Overview

mcp‑rquest is a Model Context Protocol (MCP) server that equips Claude and other large language models with realistic, full‑featured HTTP request capabilities. By leveraging the rquest library, it emulates a modern web browser’s network stack—including accurate TLS handshakes and JA3/JA4 fingerprints—so that models can interact with sites that enforce strict anti‑bot checks. This makes it possible to fetch dynamic content, submit forms, and navigate web pages in a way that feels native to the target server, while still keeping all operations under the control of an AI workflow.

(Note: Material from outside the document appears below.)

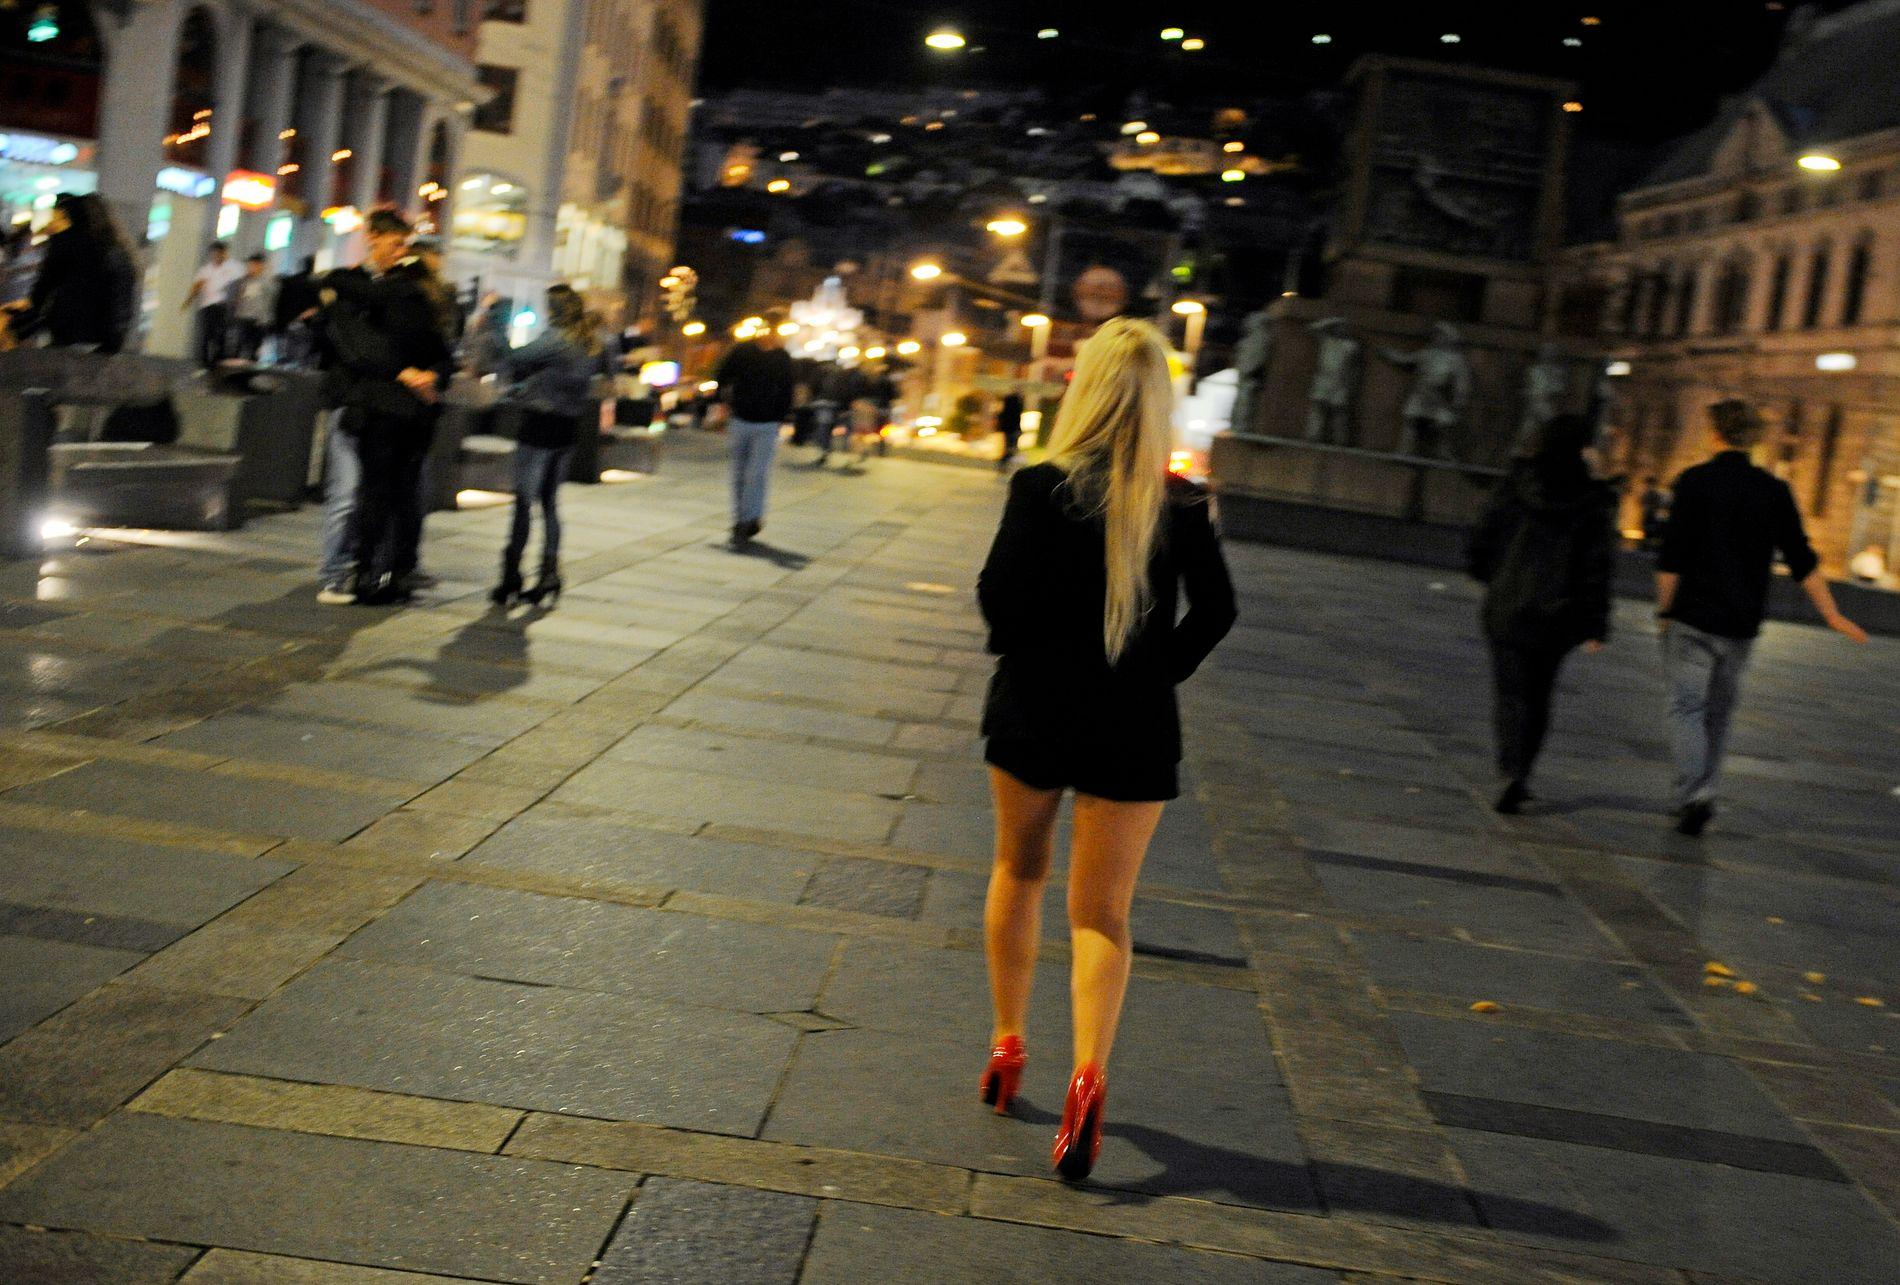 LETTKLEDD: Noen er fortsatt dessverre av den oppfatning at kvinner har seg selv å skylde hvis de går lettkledd, drikker seg overstadig beruset, eller blir med en mann hjem, skriver Erika Eidslott.

The core value proposition is two‑fold. First, developers can expose any HTTP endpoint as a tool that the model can invoke on demand, eliminating manual API wrappers or custom client code. Second, mcp‑rquest automatically transforms complex payloads into formats that are easier for LLMs to consume. HTML responses are converted to Markdown, PDFs are rendered into clean text via the Marker library, and large binary blobs are stored safely in temporary files with token‑aware streaming. This streamlines downstream reasoning, summarization, or data extraction tasks that would otherwise require additional preprocessing steps.

Key capabilities include:

• Comprehensive HTTP support: All standard methods (GET, POST, PUT, DELETE, PATCH, HEAD, OPTIONS, TRACE) are available as dedicated tools with fine‑grained control over headers, cookies, redirects, query strings, and payload types (JSON, form data, multipart).
• Browser‑level fingerprinting: TLS and HTTP/2 fingerprints mirror popular browsers, helping bypass CAPTCHAs and rate limits without compromising security.
• Content handling pipelines: Automatic detection of large responses triggers token‑based streaming; HTML and PDF conversions happen on demand, producing clean Markdown ready for LLM ingestion.
• Authentication flexibility: Basic, bearer, and custom auth schemes are supported out of the box.
• Stateful PDF processing: Tools to monitor and restart the internal Marker model loading process ensure reliable conversion even after long sessions.

Typical use cases span web scraping, data collection from protected APIs, and automated browsing for content extraction. For example, a developer can build an assistant that queries a news website, fetches the article HTML, converts it to Markdown, and then asks the model to summarize or answer questions about the content—all within a single MCP workflow. Similarly, PDFs from research repositories can be retrieved and rendered into text without manual downloads or conversions.

Integration is straightforward: the server exposes a set of named tools that Claude can call via the MCP interface. Each tool corresponds to an HTTP operation or a post‑processing step, and the model can chain them together declaratively. Because the server handles all networking intricacies—including SSL, redirects, and content‑type detection—developers can focus on higher‑level logic while the assistant manages reliable, browser‑style communication with external resources.